*What the task asks*: Return only the lines below starting at the line containing "Bajnok lett a" and ending at the line containing "Garnier Ultra Dolce", both included, exactly as they are and with no pictures.

START Task inputs

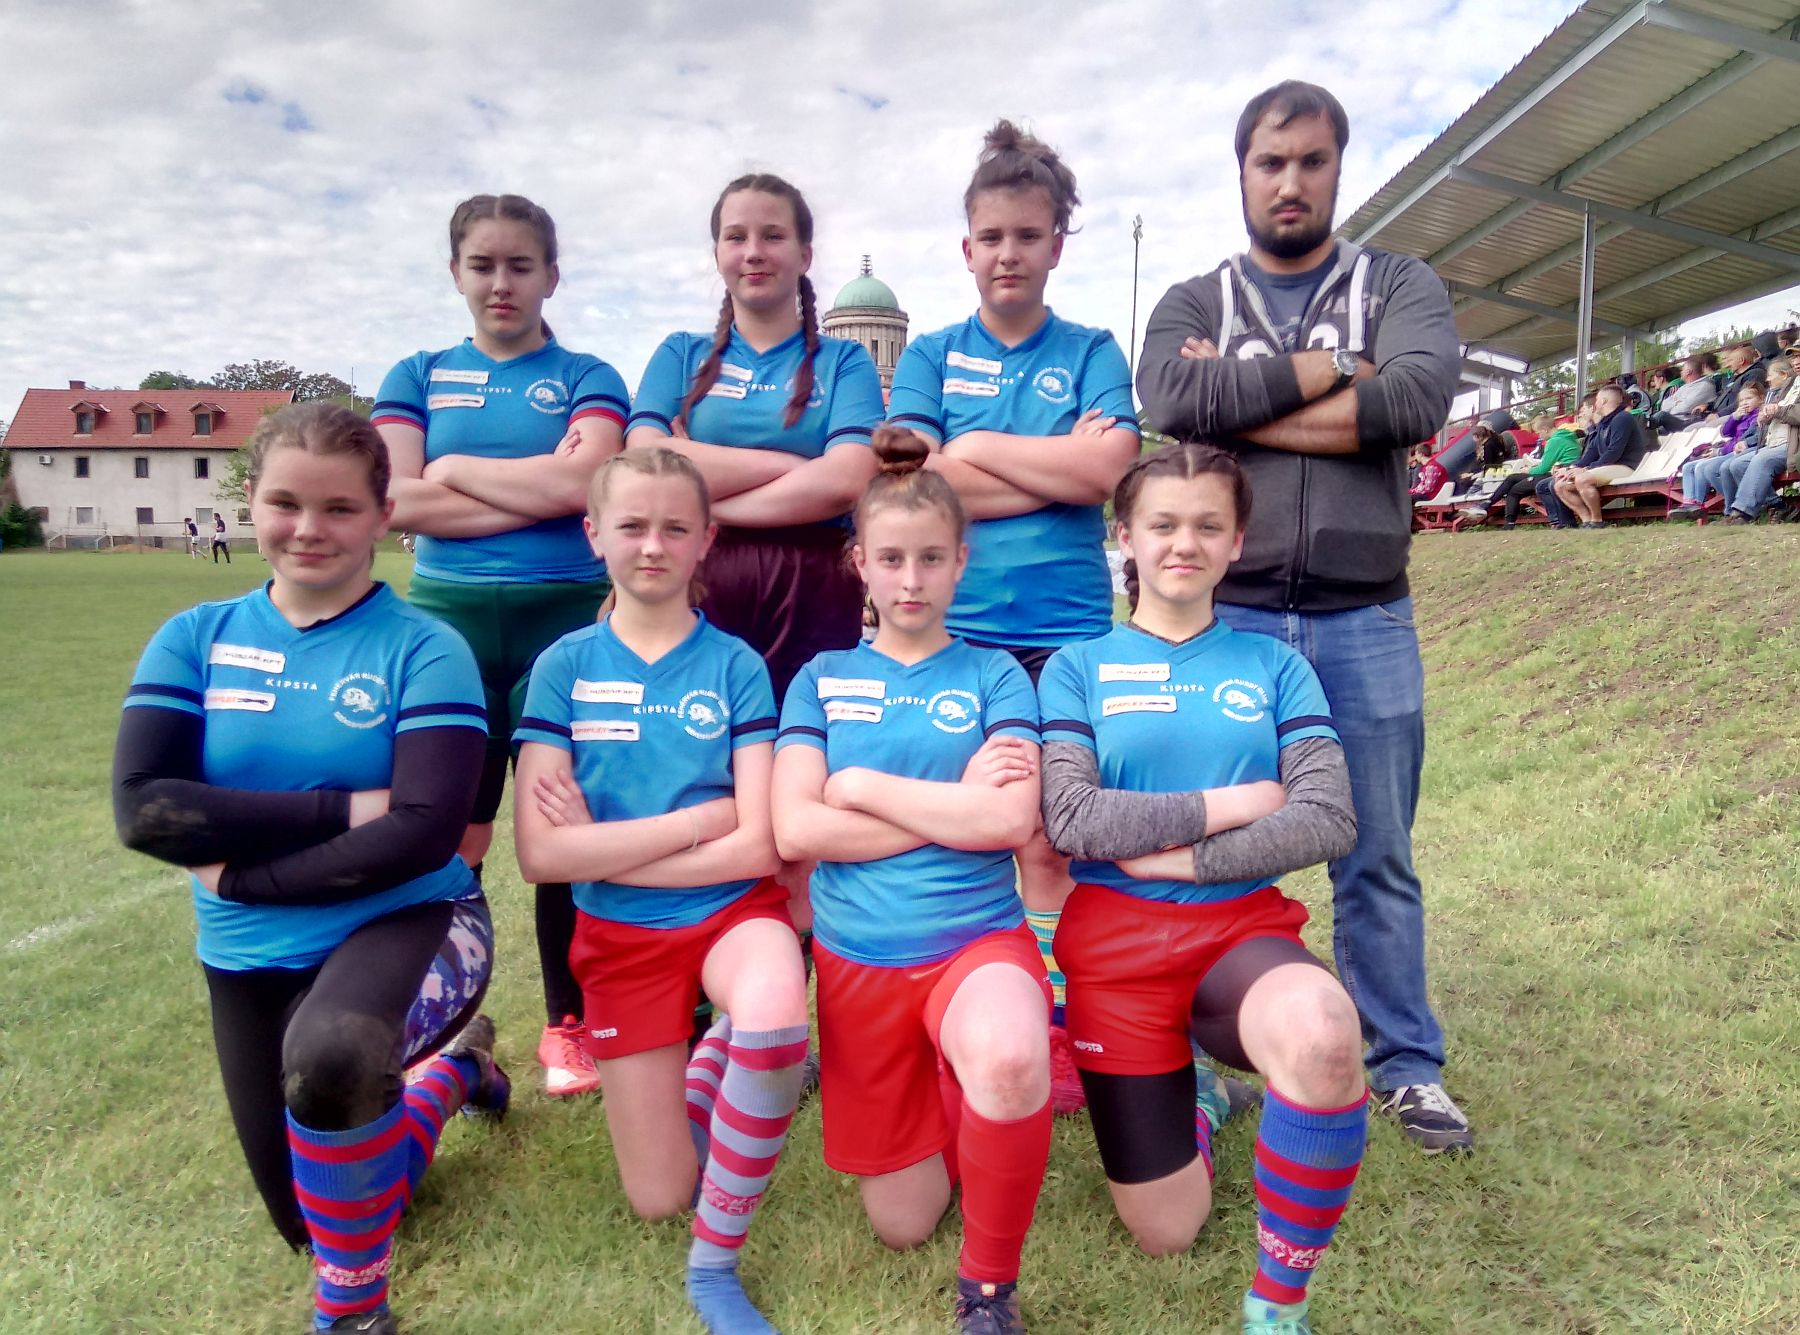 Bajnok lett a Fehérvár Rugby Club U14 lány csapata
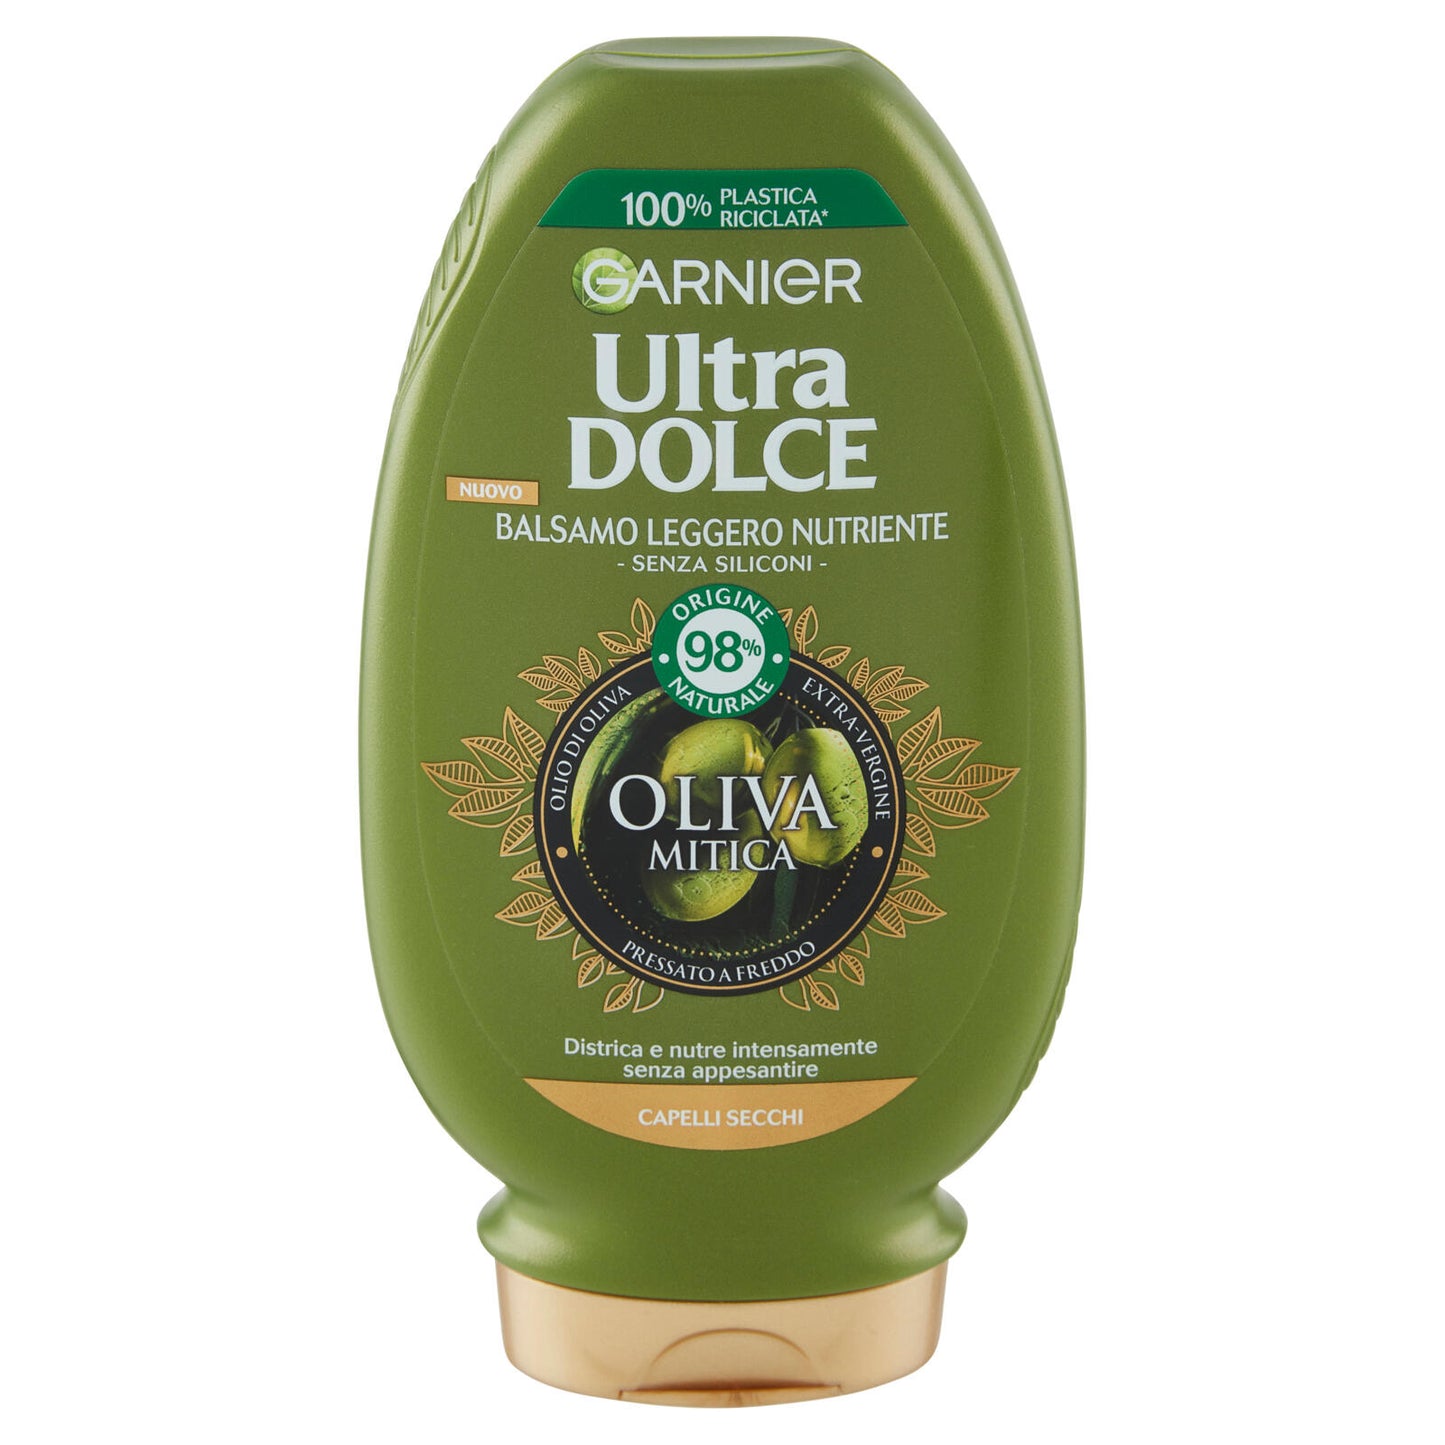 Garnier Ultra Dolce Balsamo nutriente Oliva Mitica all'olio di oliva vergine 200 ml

END Task inputs
START Task inputs

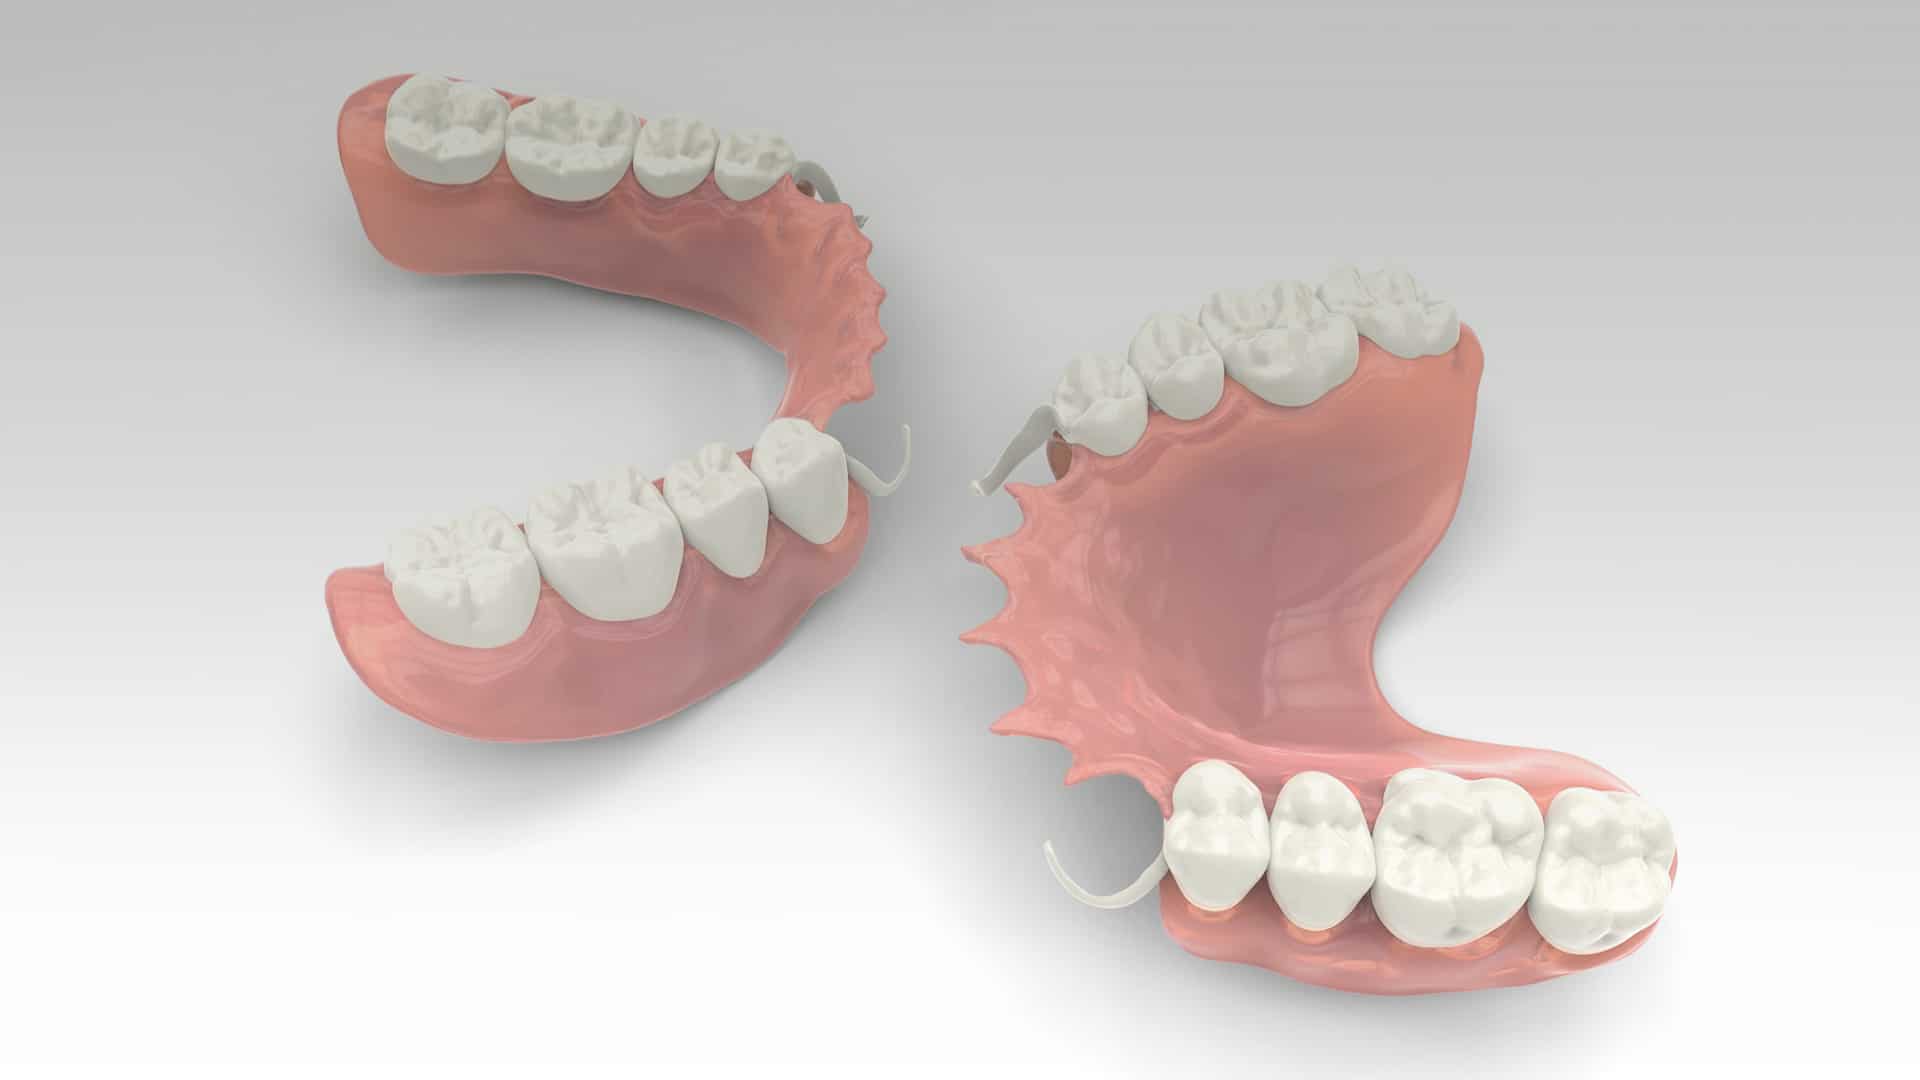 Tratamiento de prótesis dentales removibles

END Task inputs
START Task inputs

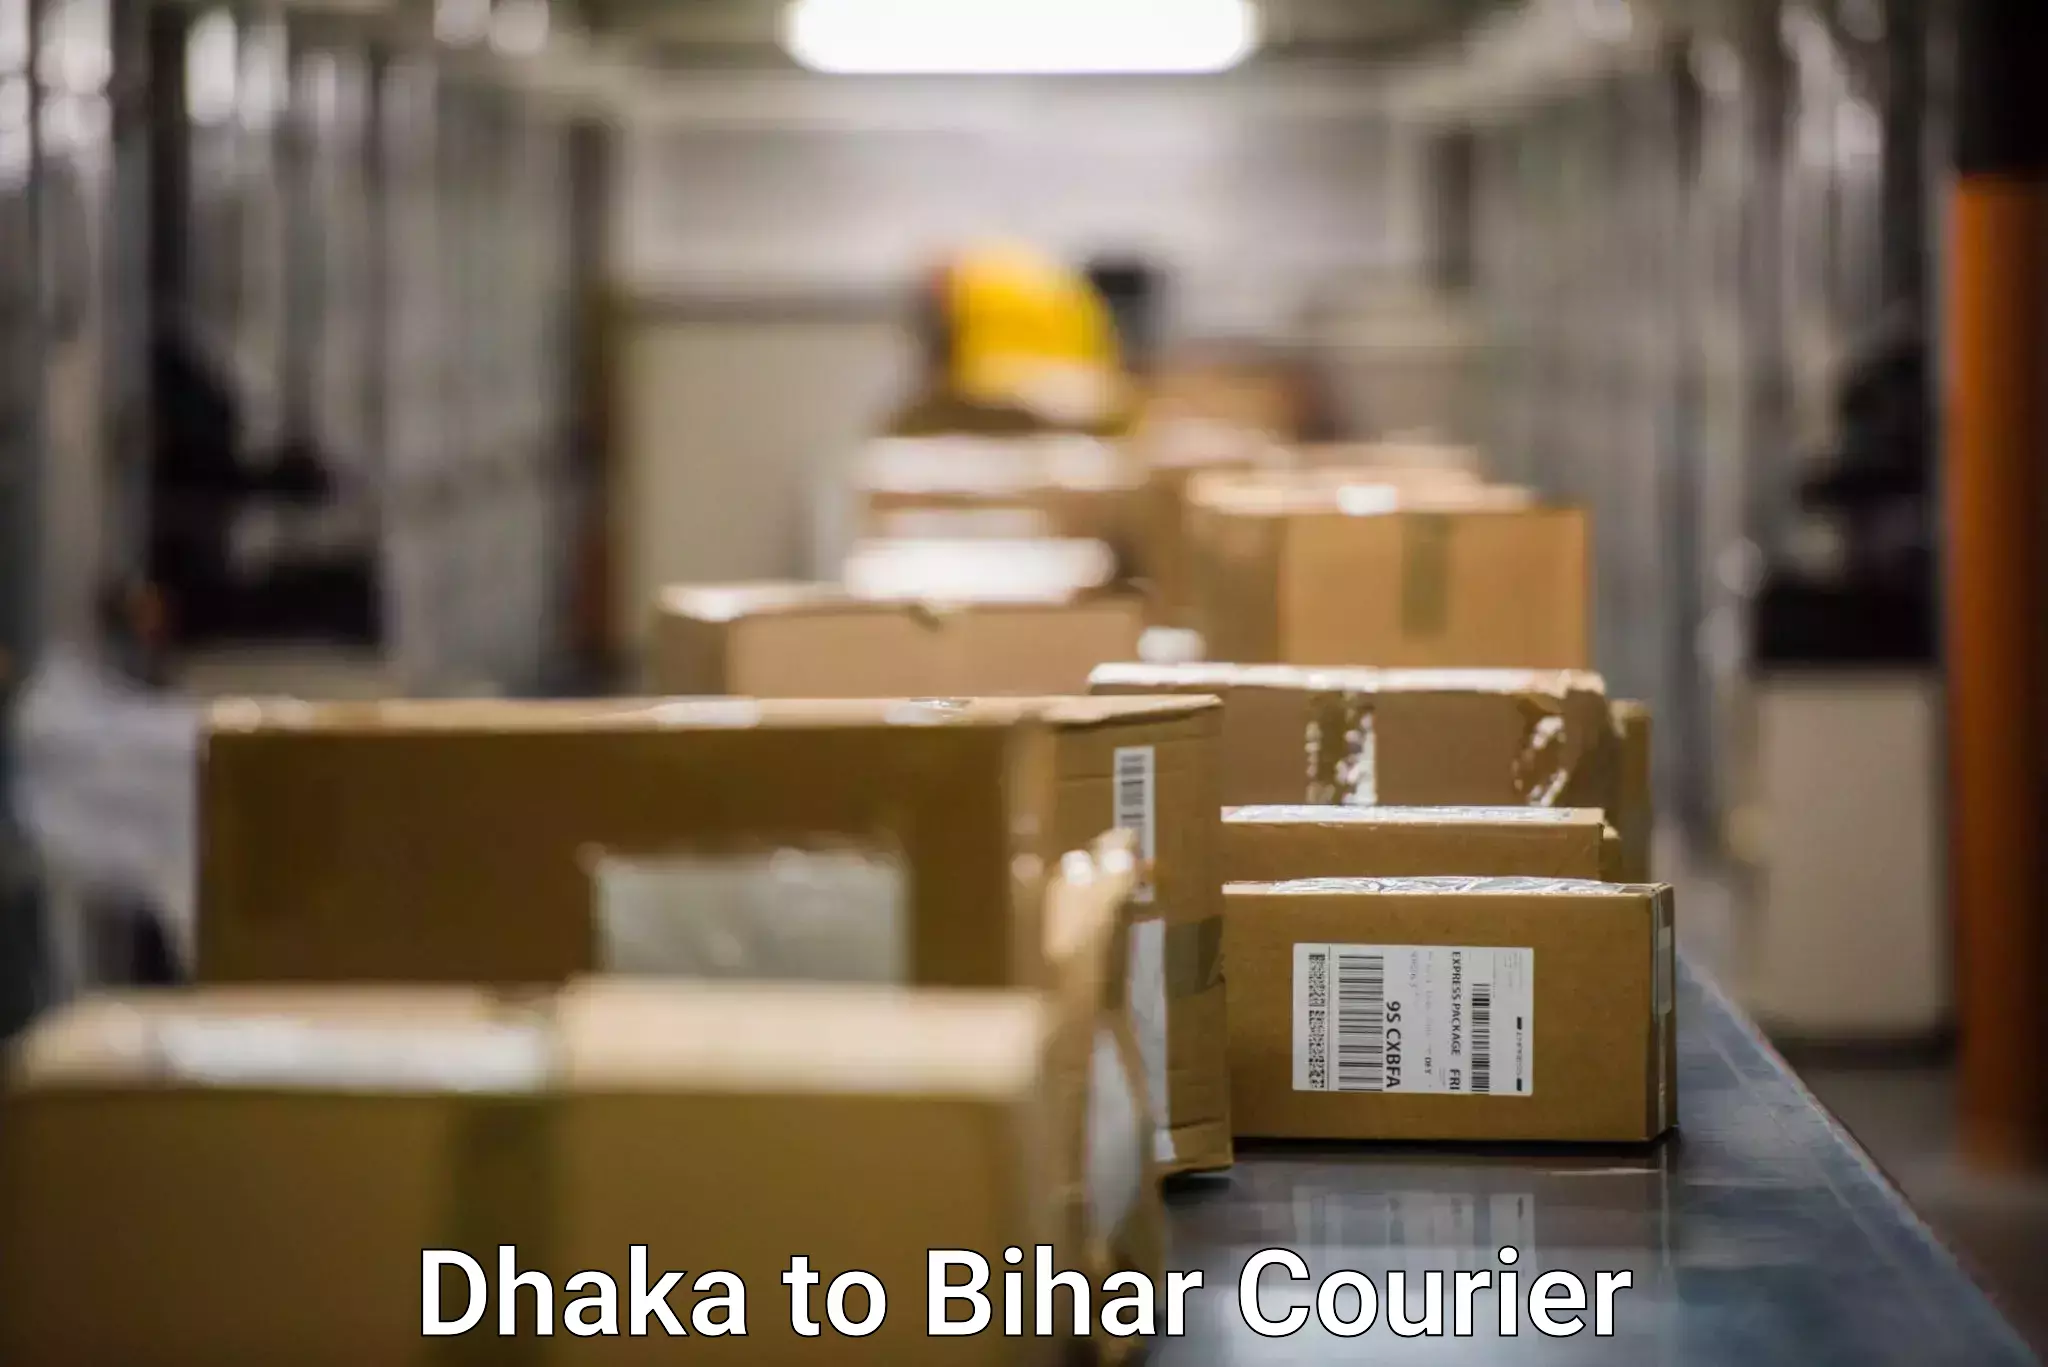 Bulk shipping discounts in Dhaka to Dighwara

END Task inputs

*Solved exercise*:
 Bajnok lett a Fehérvár Rugby Club U14 lány csapata
 Garnier Ultra Dolce Balsamo nutriente Oliva Mitica all'olio di oliva vergine 200 ml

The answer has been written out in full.